DATA SECTION:
=== Section Start ===

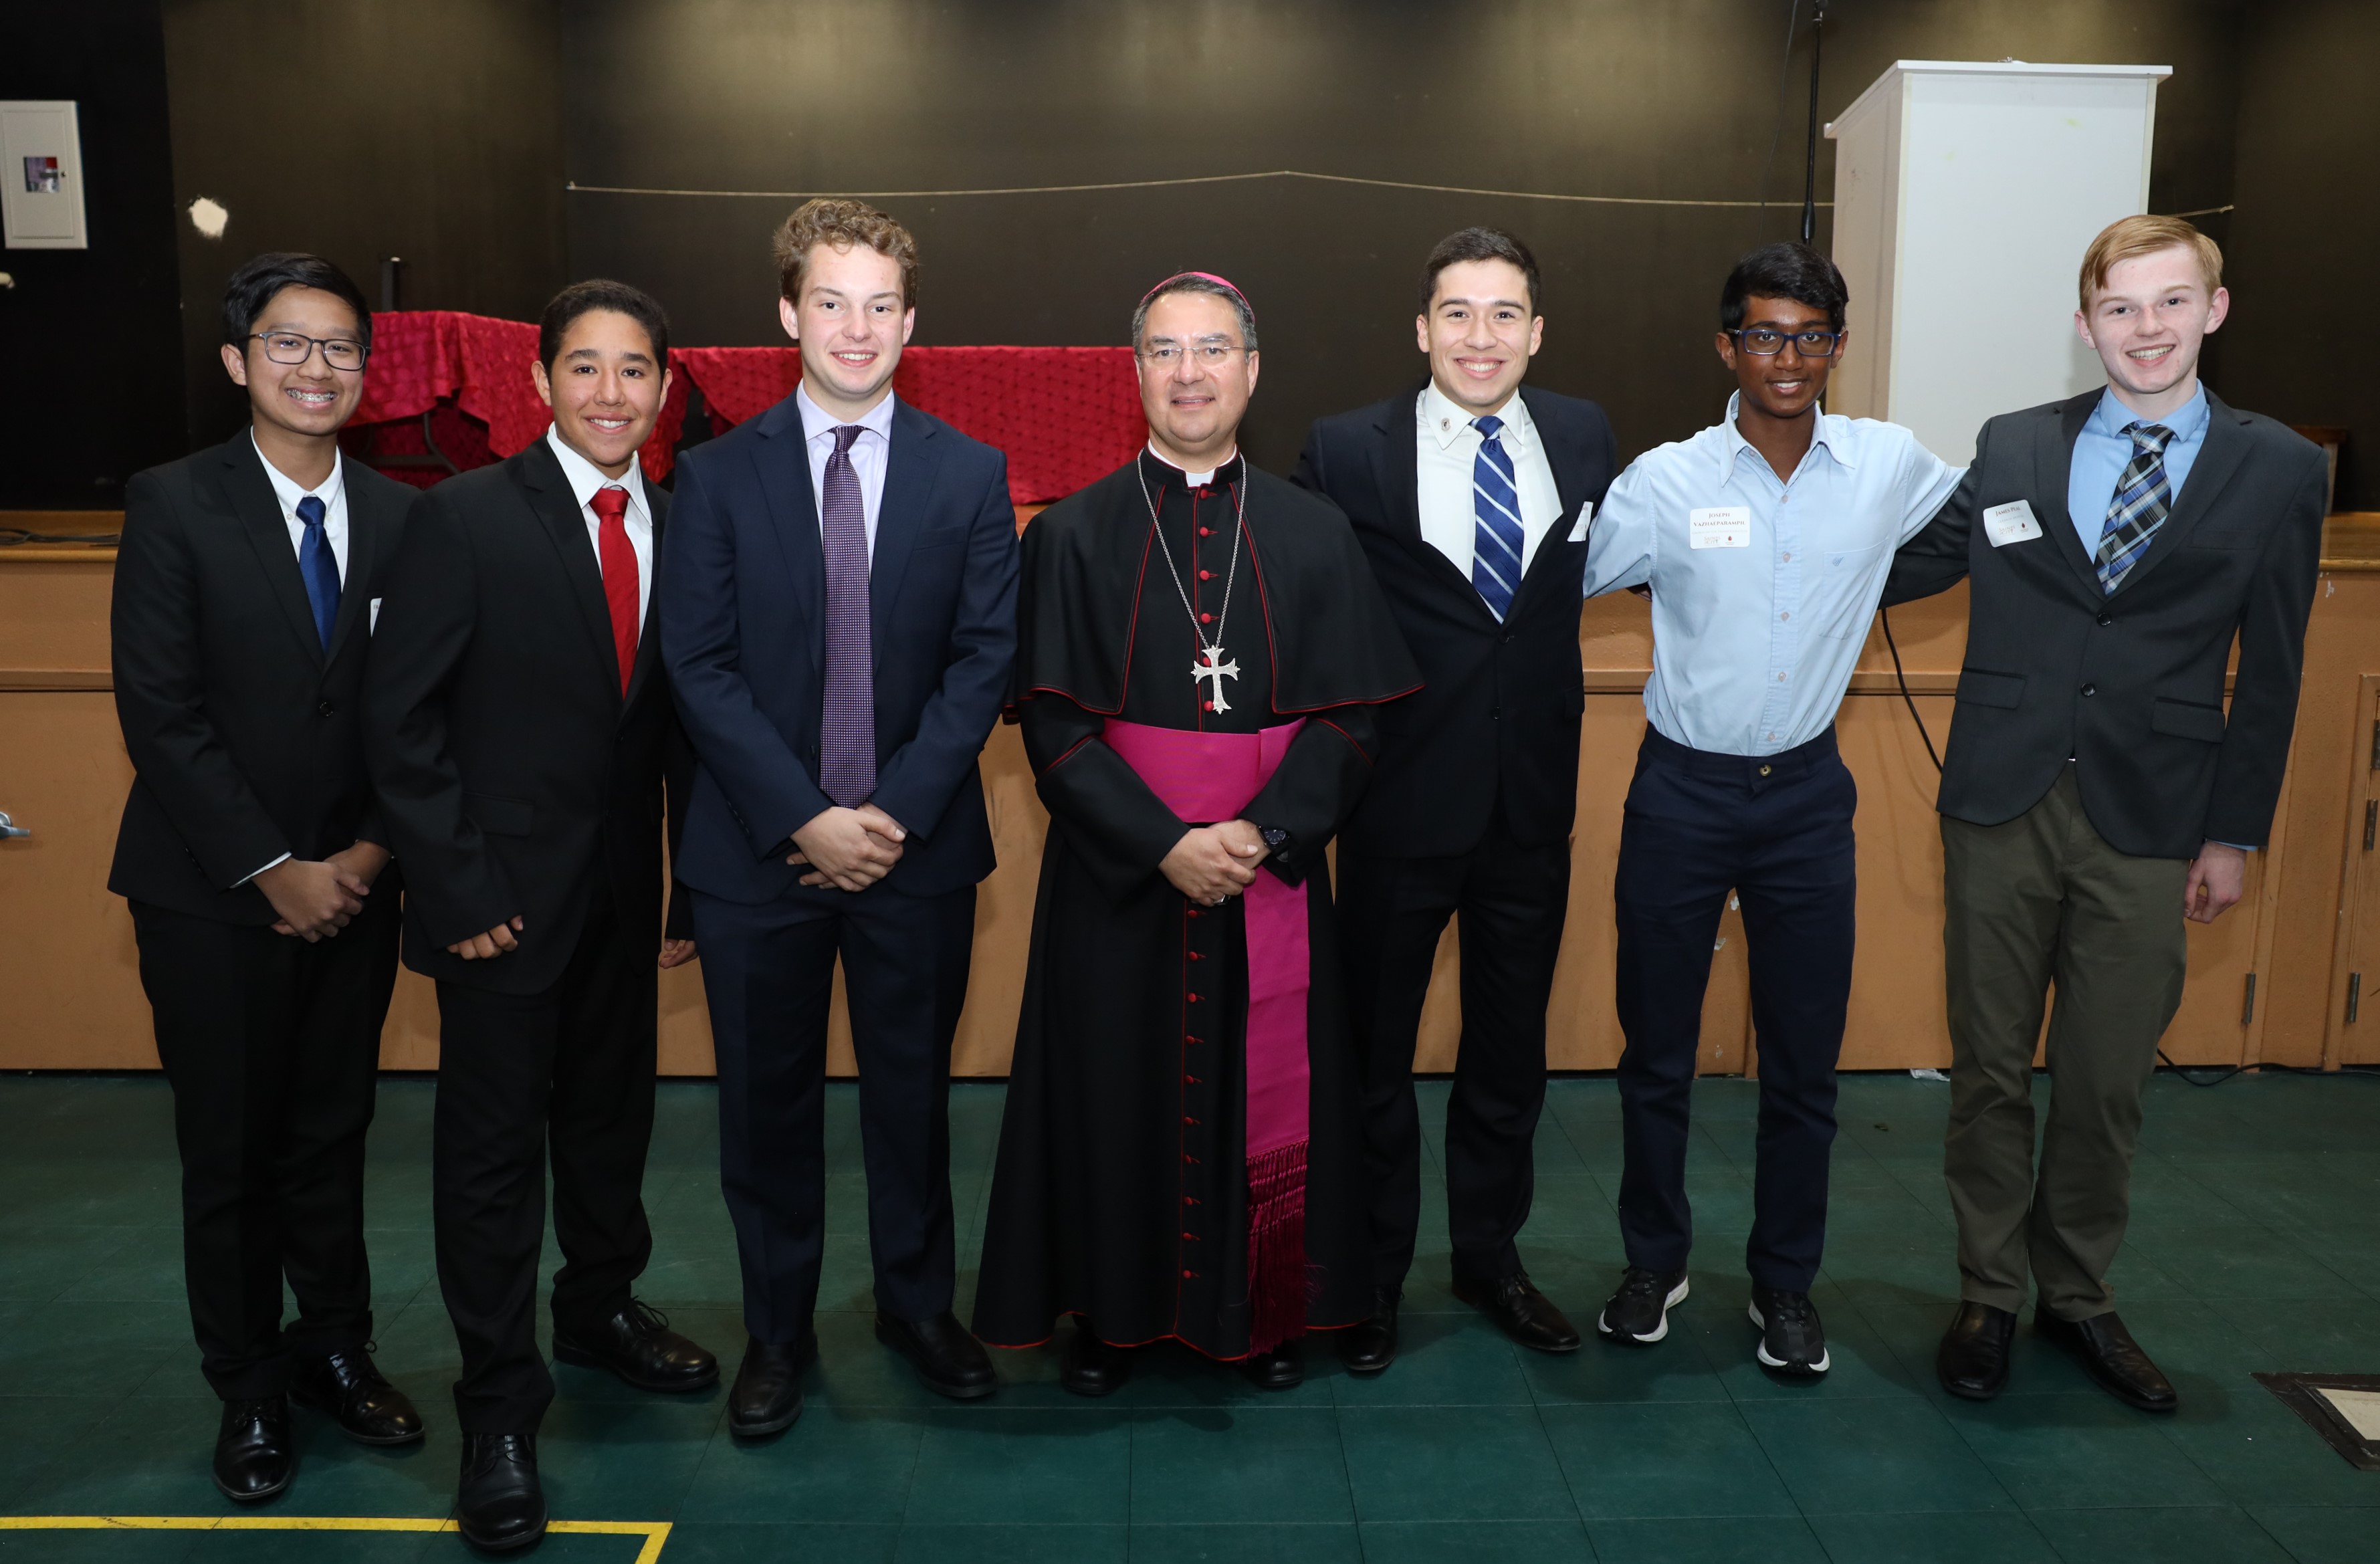 8th Annual Saints in the City Recognition Celebration
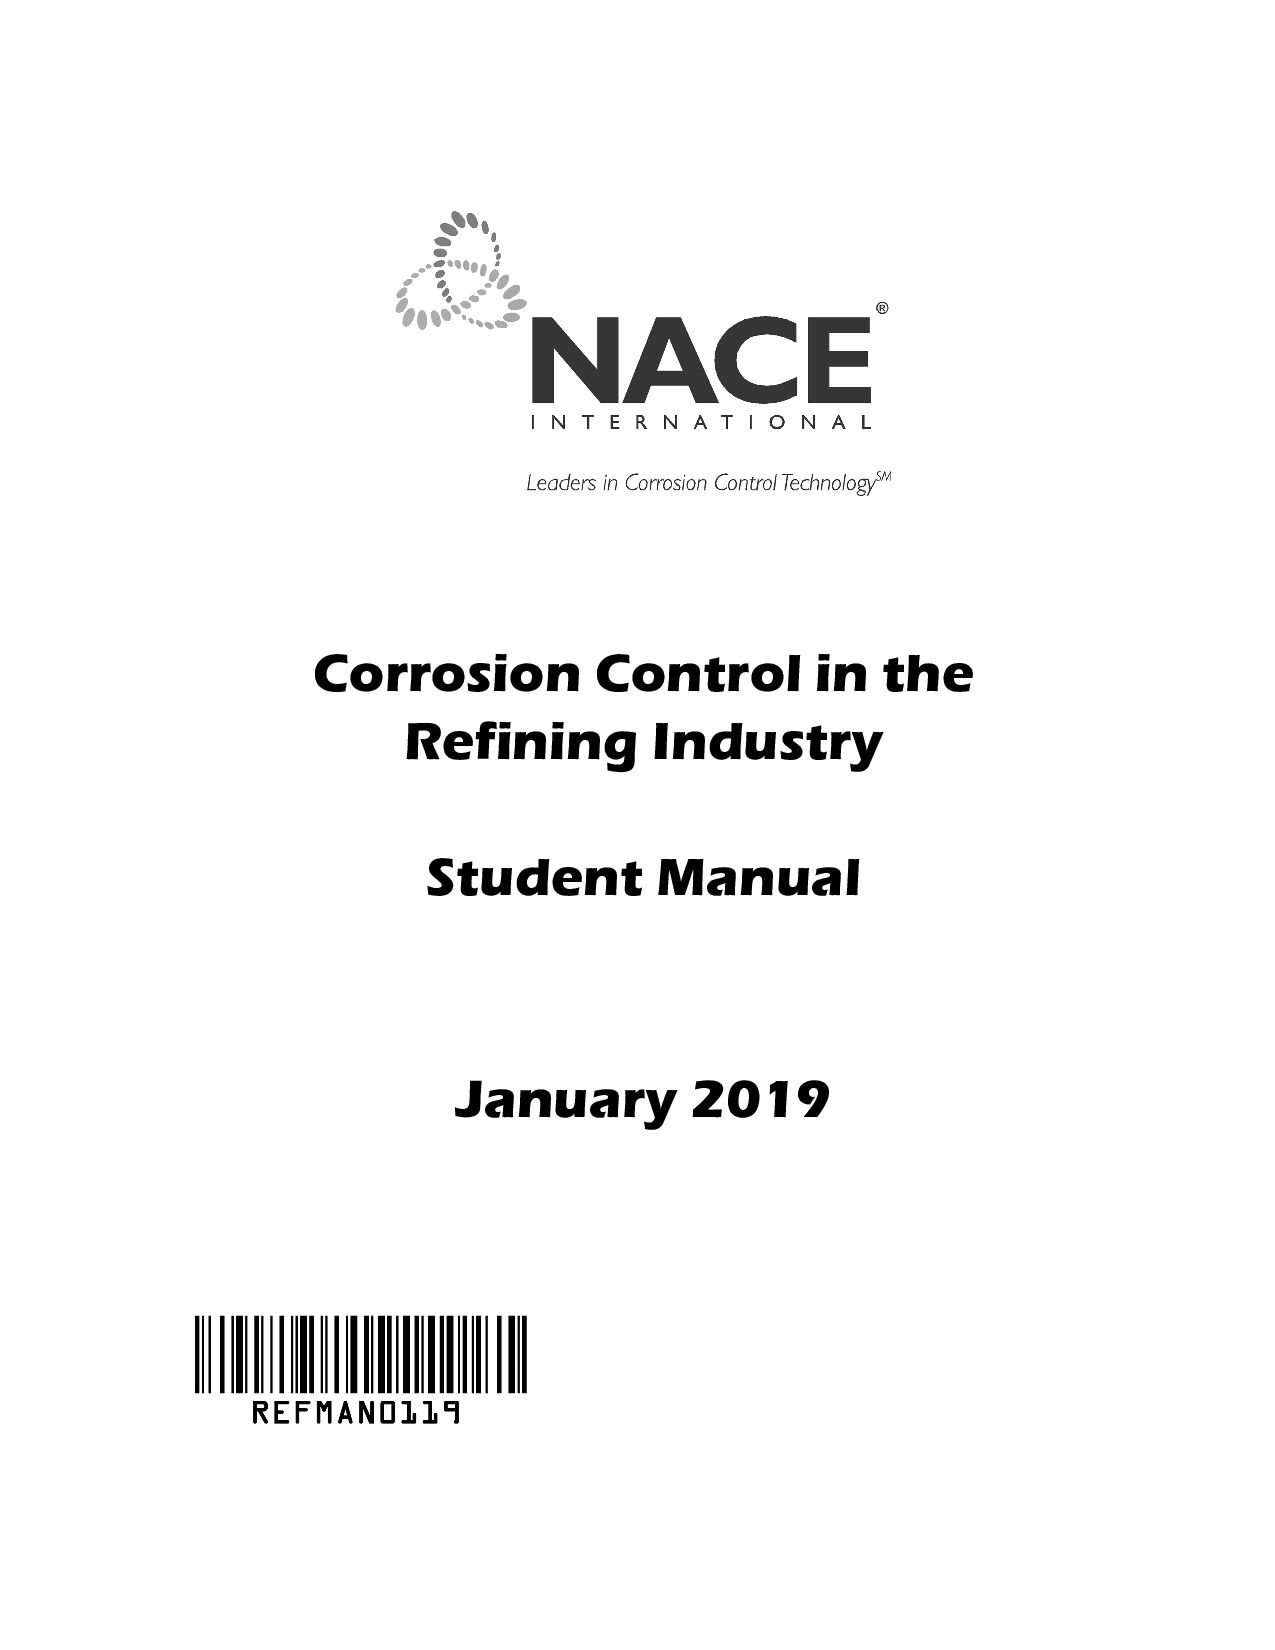 NACE Corrosion Control in the Refining Industry 2019封面图
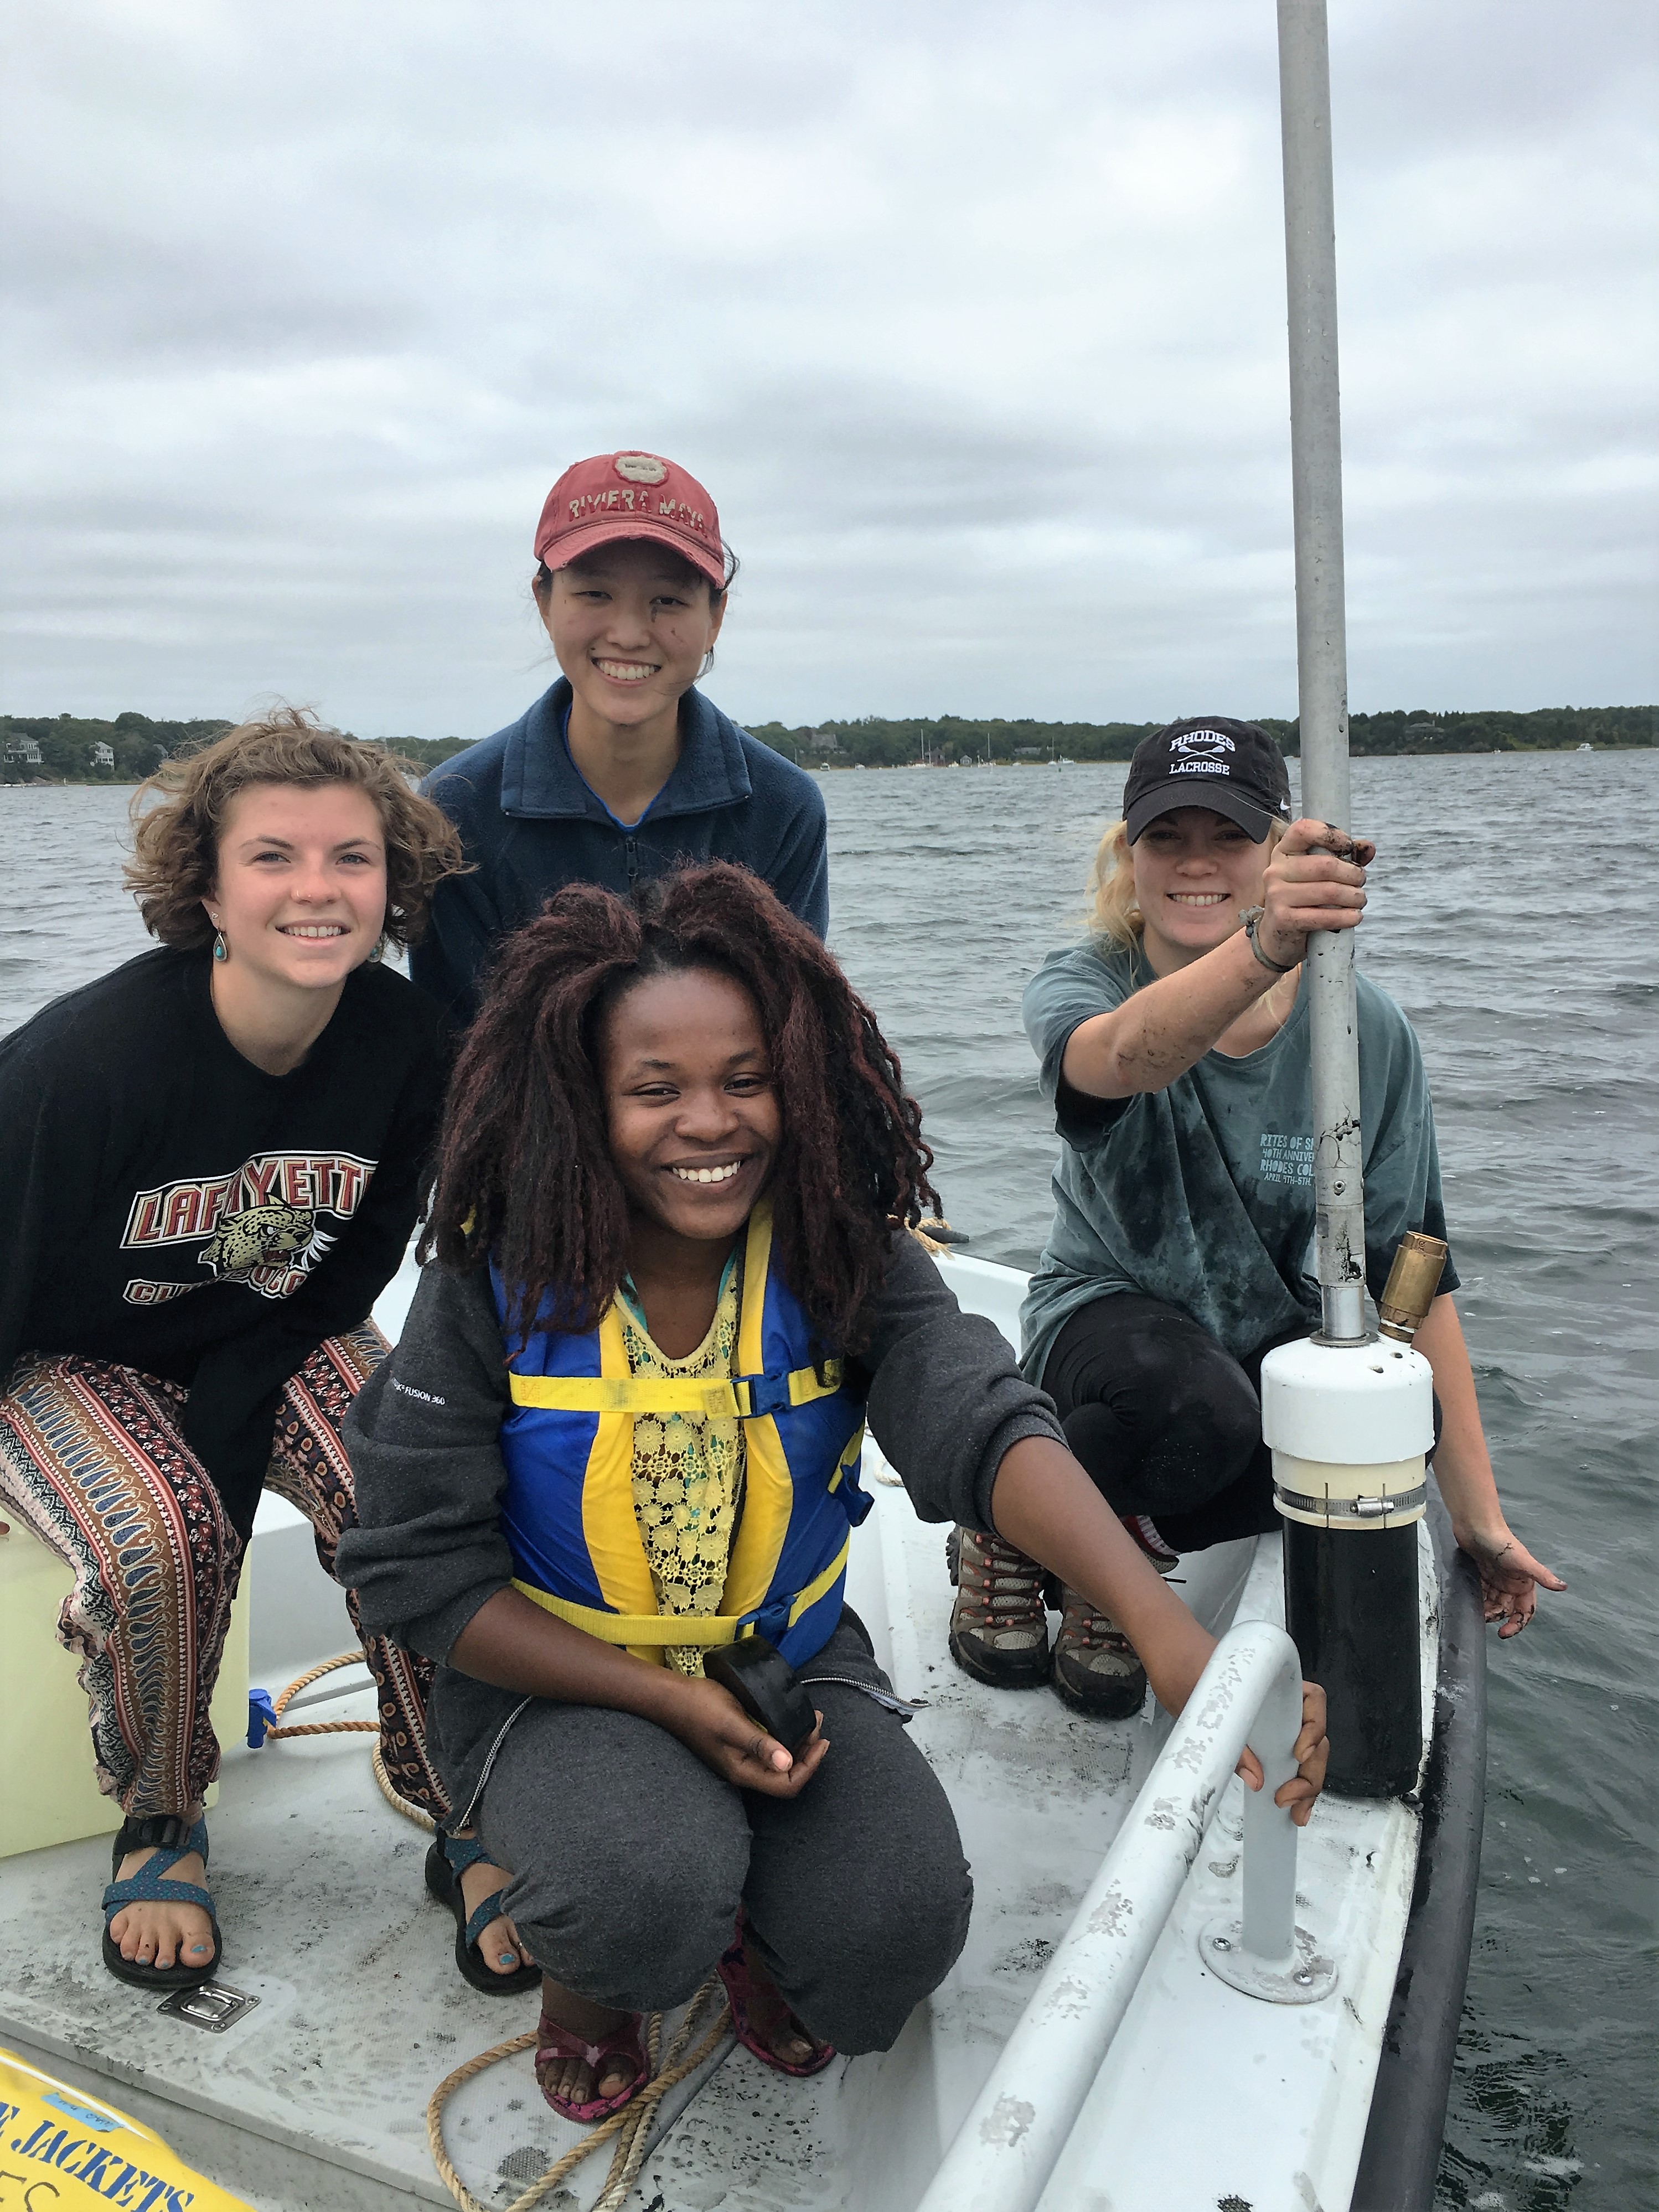 Semester in Environmental Science (SES) students taking core samples in Waquoit Bay, Falmouth, in 2016. From left: Misty Earisman (Lafayette College), Hannah Gershone (Mount Holyoke College, standing), Catherine Ballali (Earlham College, kneeling) and Erin Gleeson (Rhodes College). Credit: Alison Maksym

=== Section End ===

TASK STATEMENT: The material is to be reproduced verbatim, and no picture may appear in the copy.

RESULT OF THE EXERCISE:
 8th Annual Saints in the City Recognition Celebration
 NACE Corrosion Control in the Refining Industry 2019封面图
 Semester in Environmental Science (SES) students taking core samples in Waquoit Bay, Falmouth, in 2016. From left: Misty Earisman (Lafayette College), Hannah Gershone (Mount Holyoke College, standing), Catherine Ballali (Earlham College, kneeling) and Erin Gleeson (Rhodes College). Credit: Alison Maksym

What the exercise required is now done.